**Dataset extract:**
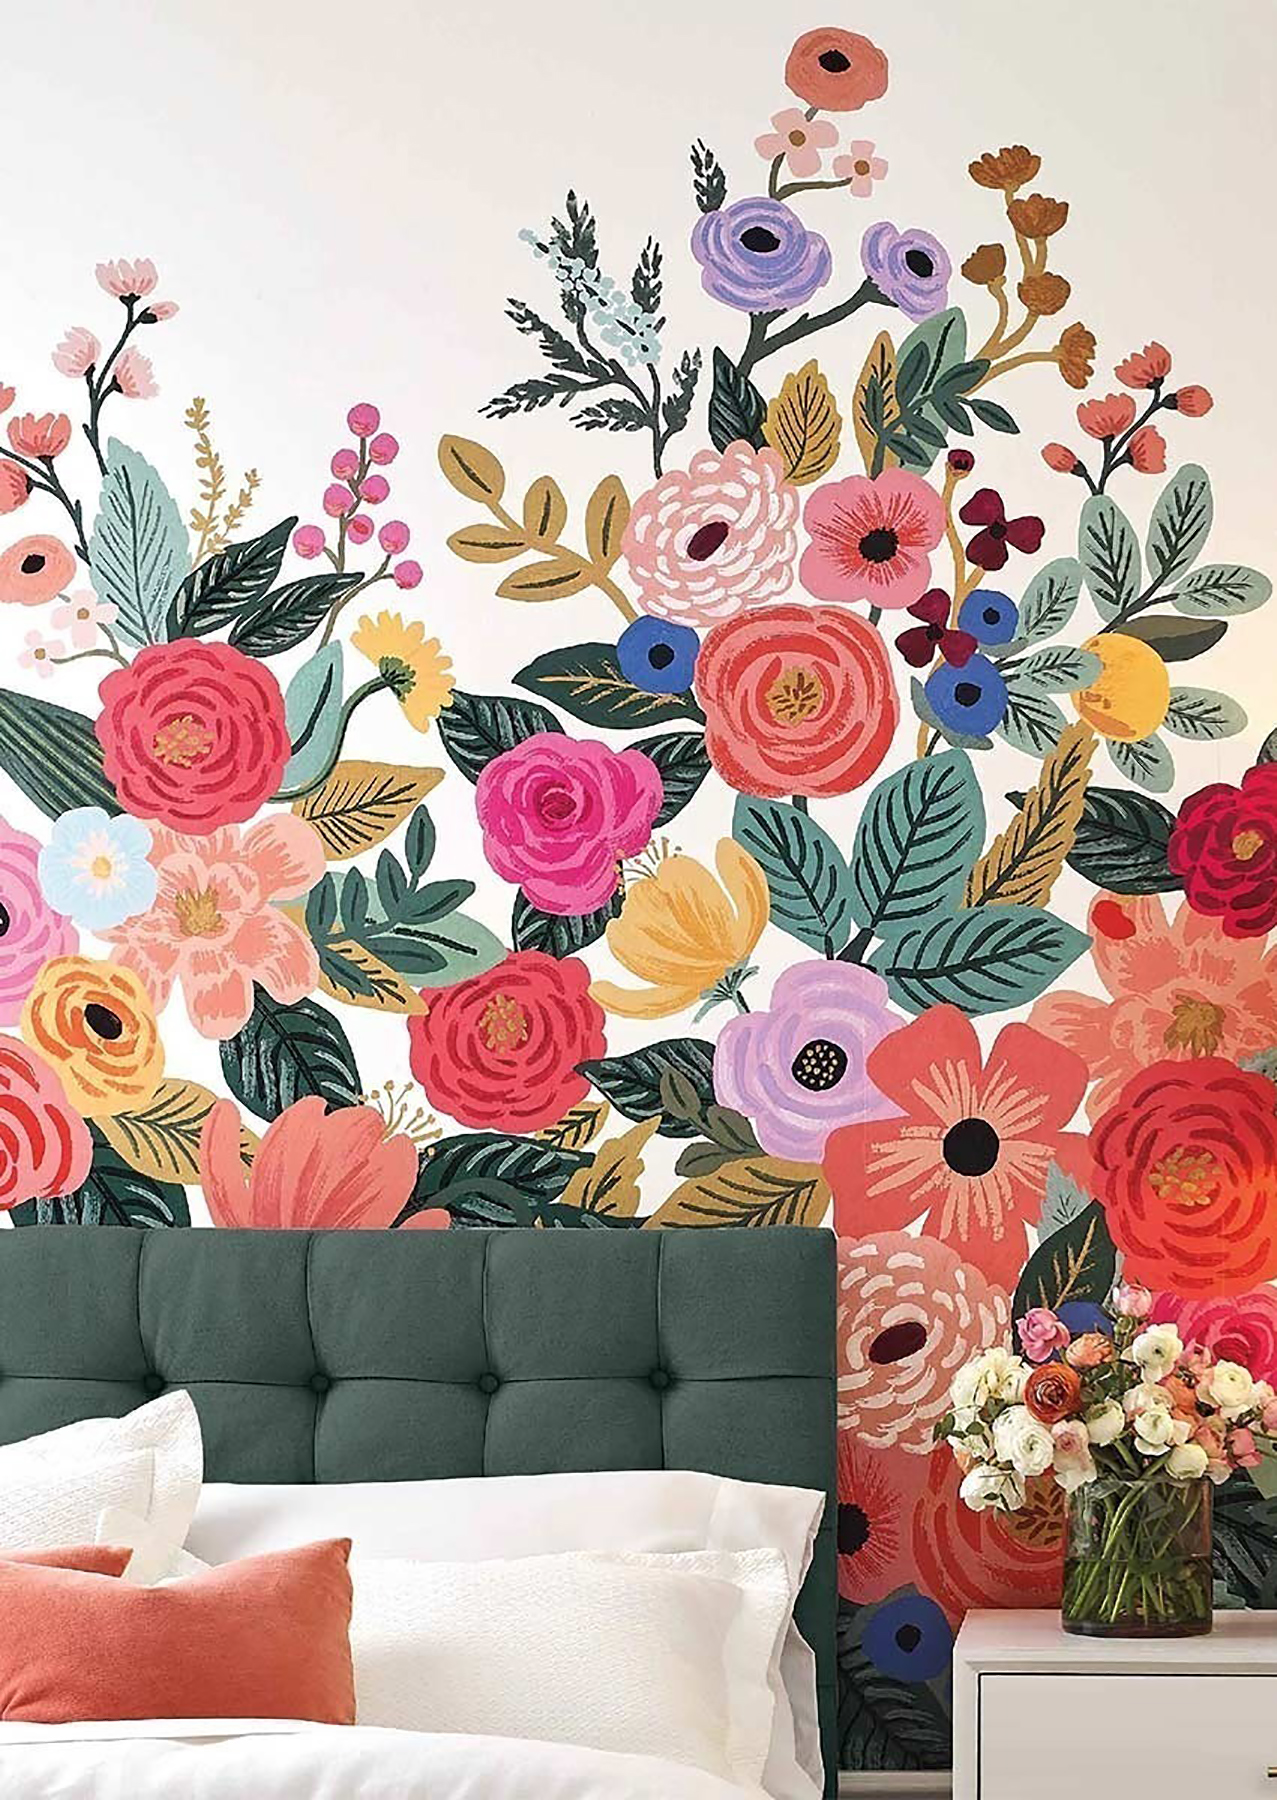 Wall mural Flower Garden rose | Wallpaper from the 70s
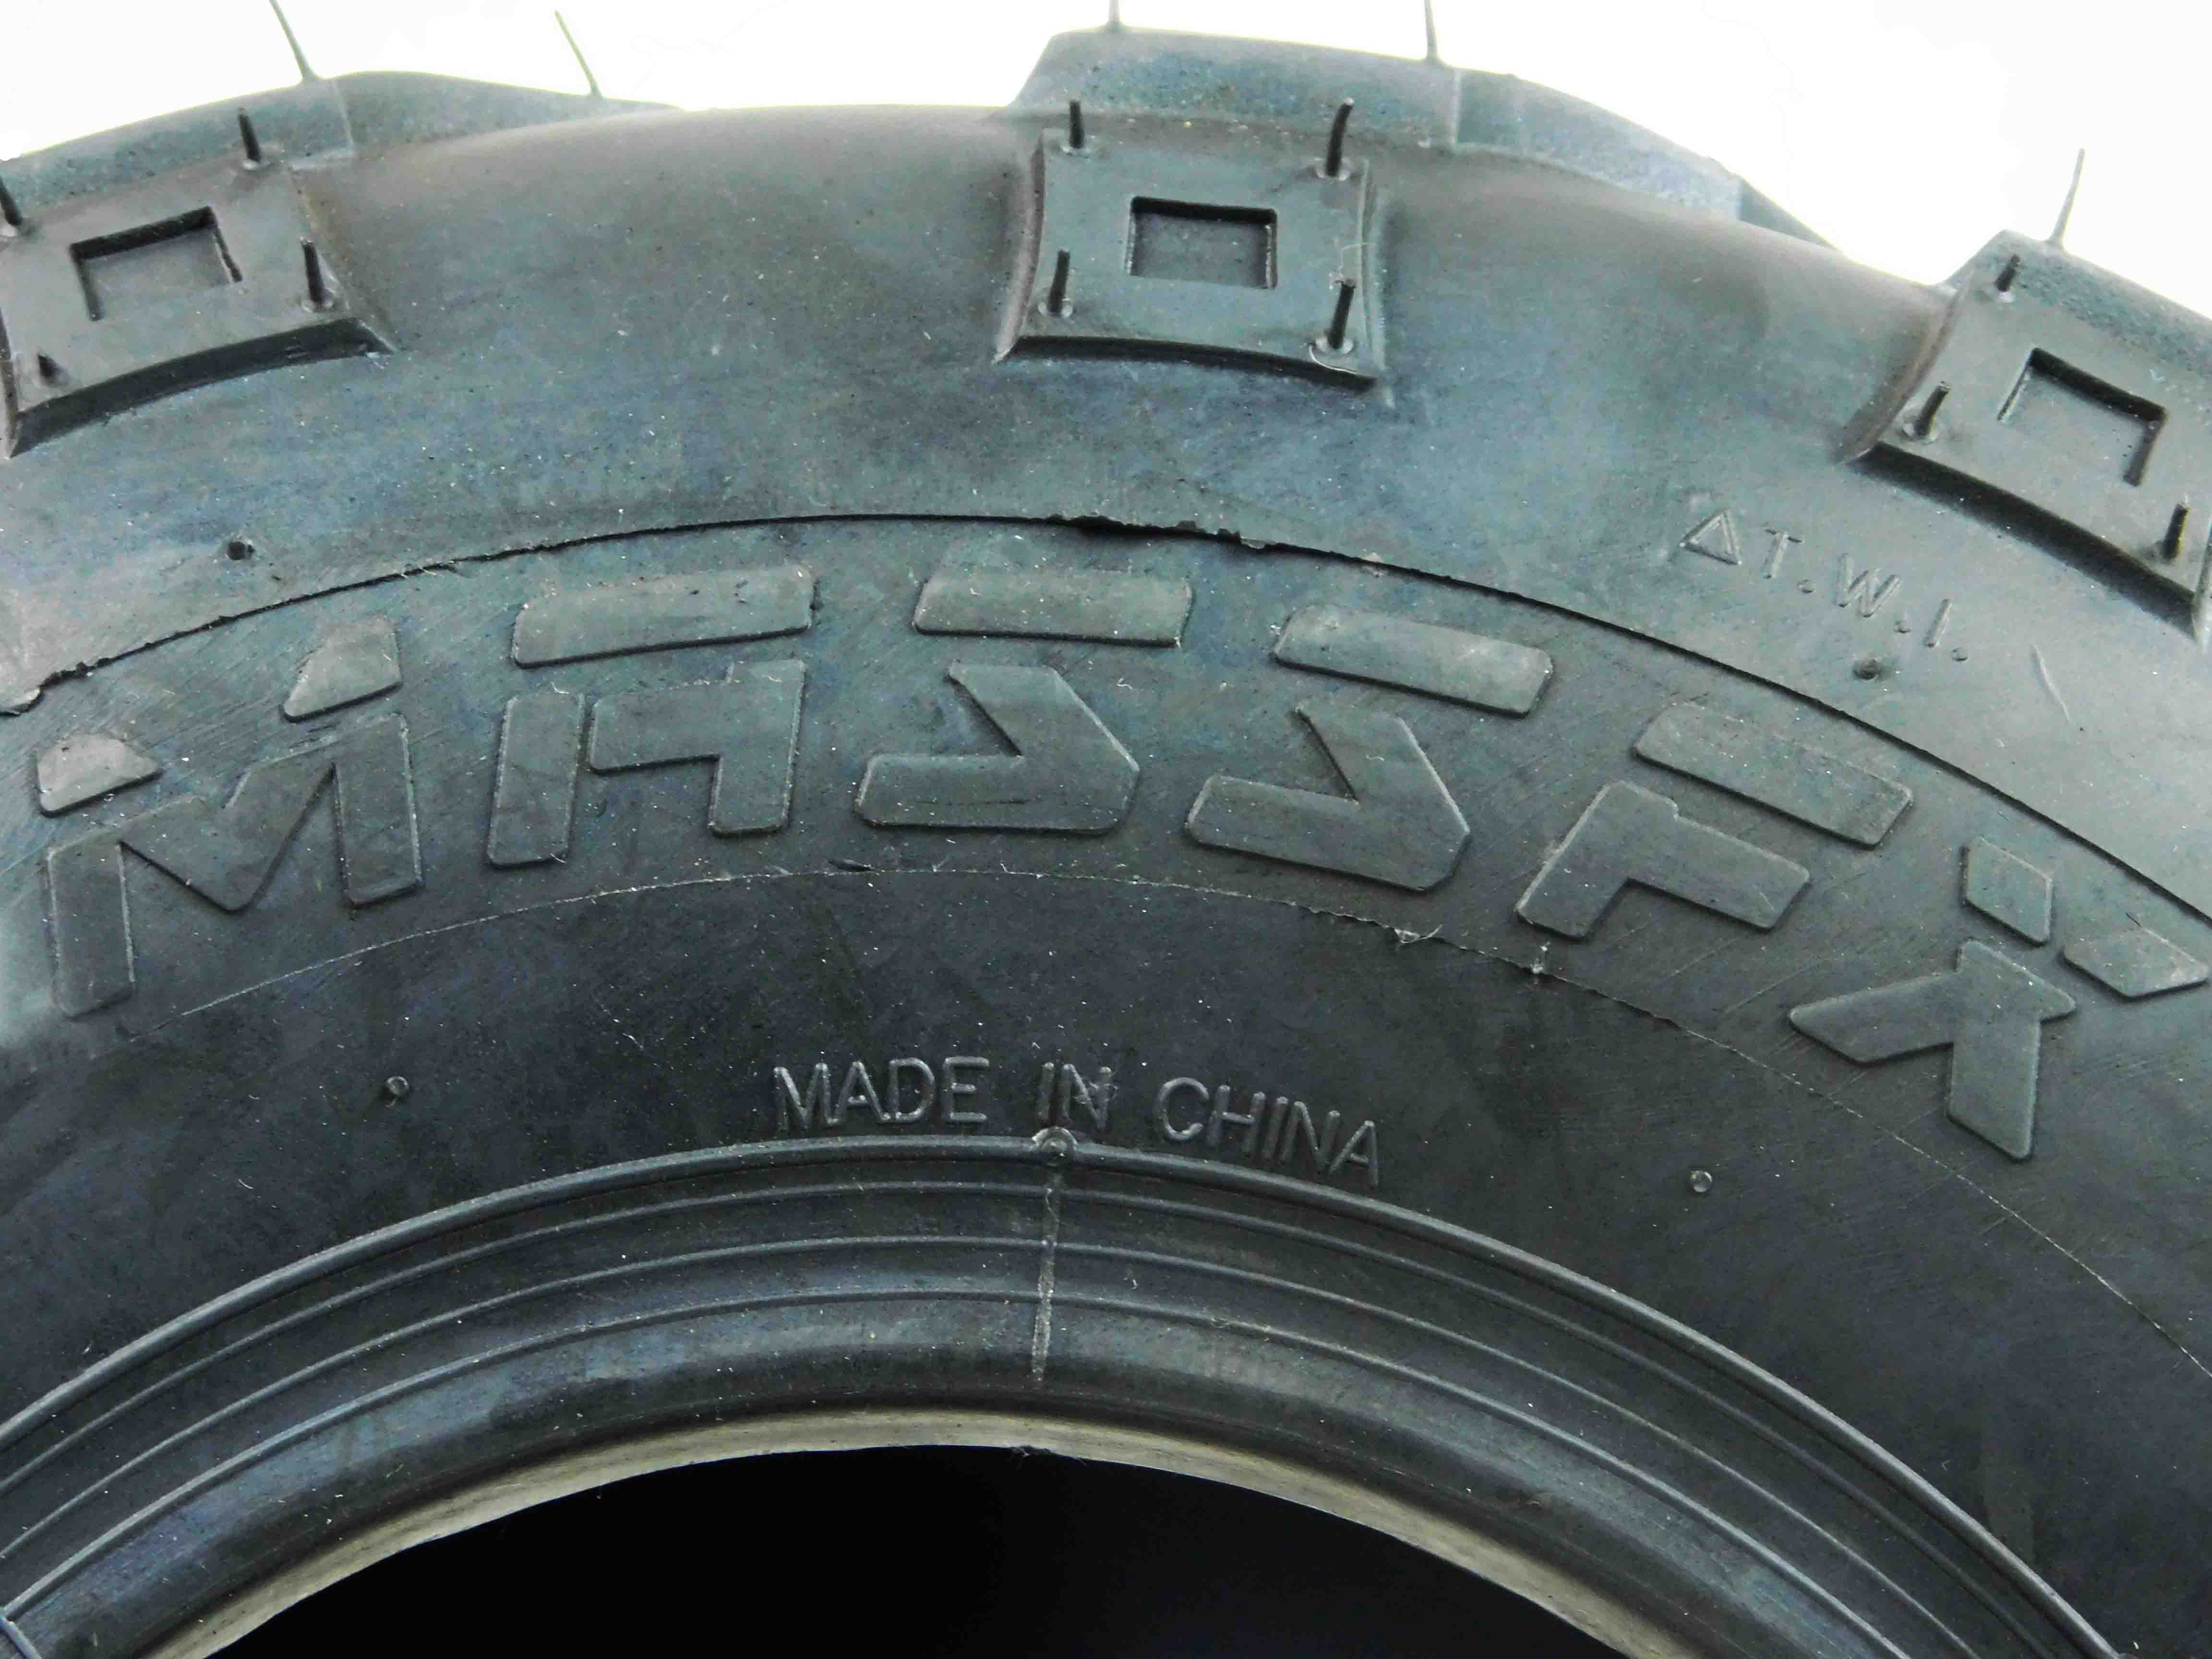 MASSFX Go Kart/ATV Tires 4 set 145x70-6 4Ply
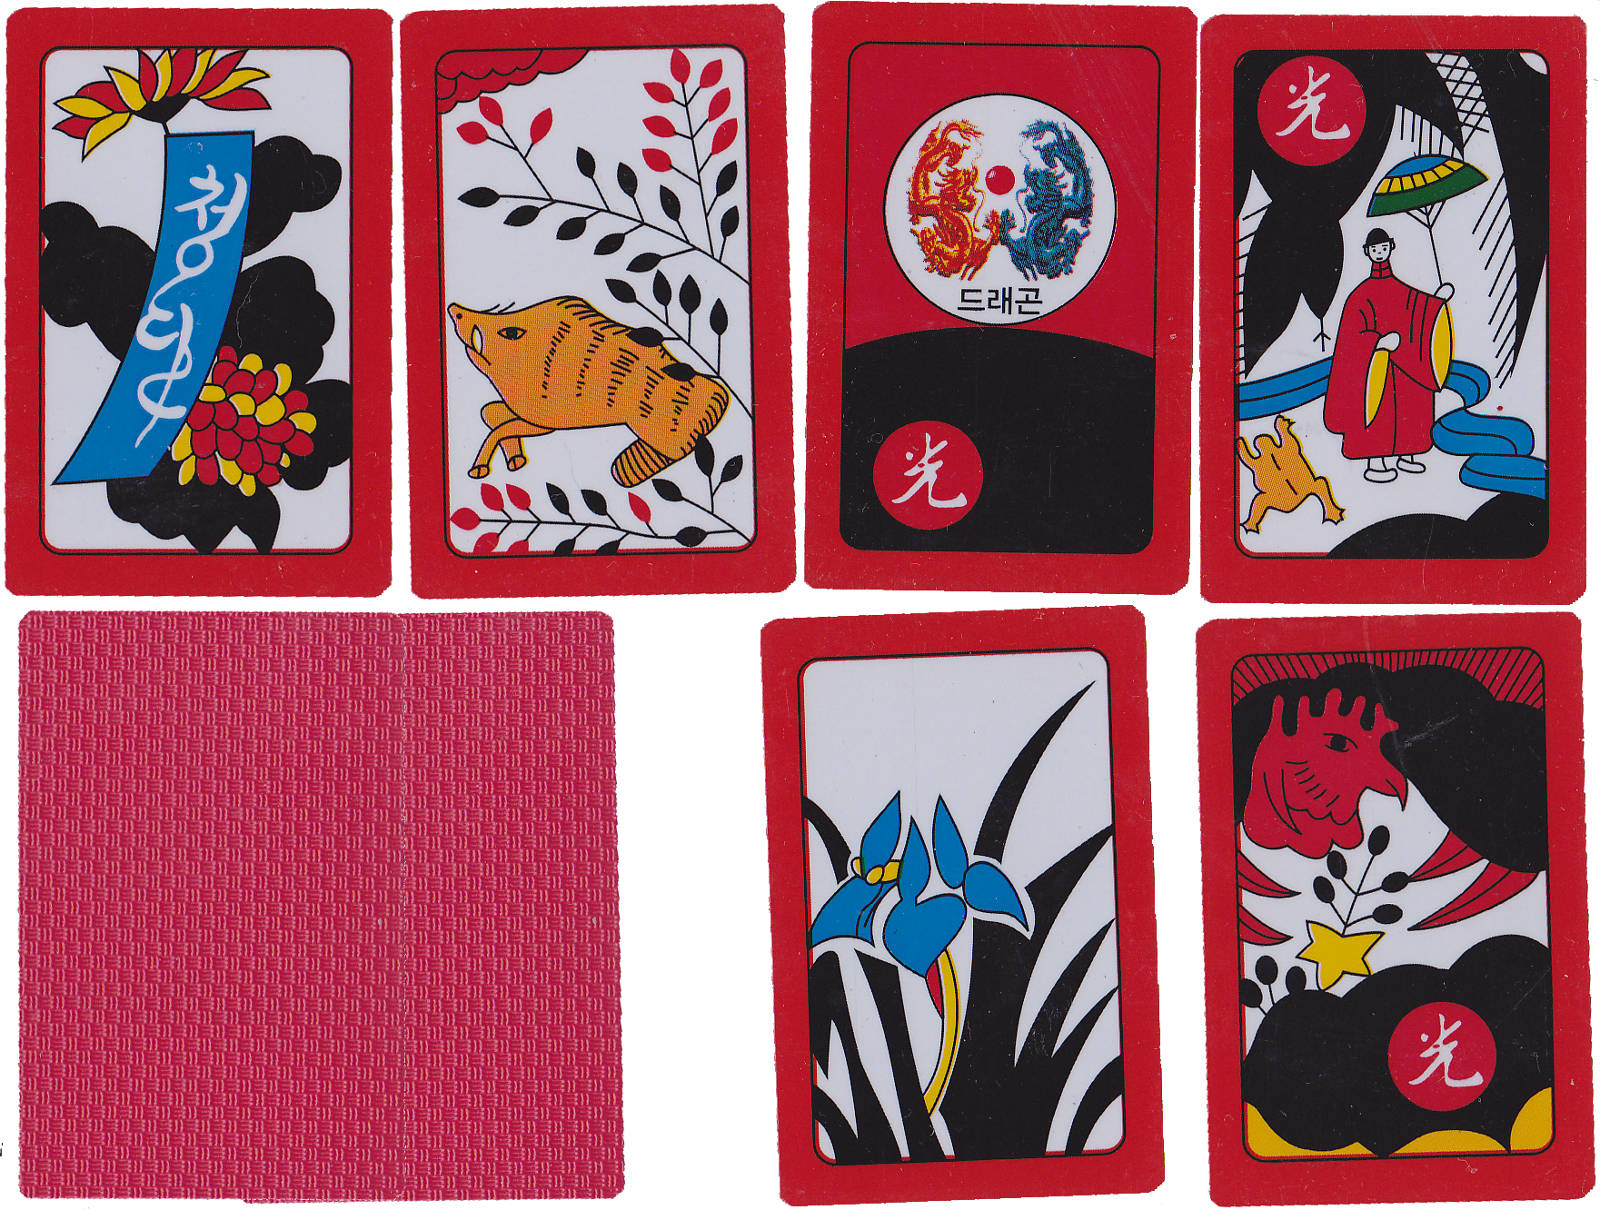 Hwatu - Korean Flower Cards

**About this exercise:**
Retype the data exactly; images stay out.

**Answer box:**
 Wall mural Flower Garden rose | Wallpaper from the 70s
 MASSFX Go Kart/ATV Tires 4 set 145x70-6 4Ply
 Hwatu - Korean Flower Cards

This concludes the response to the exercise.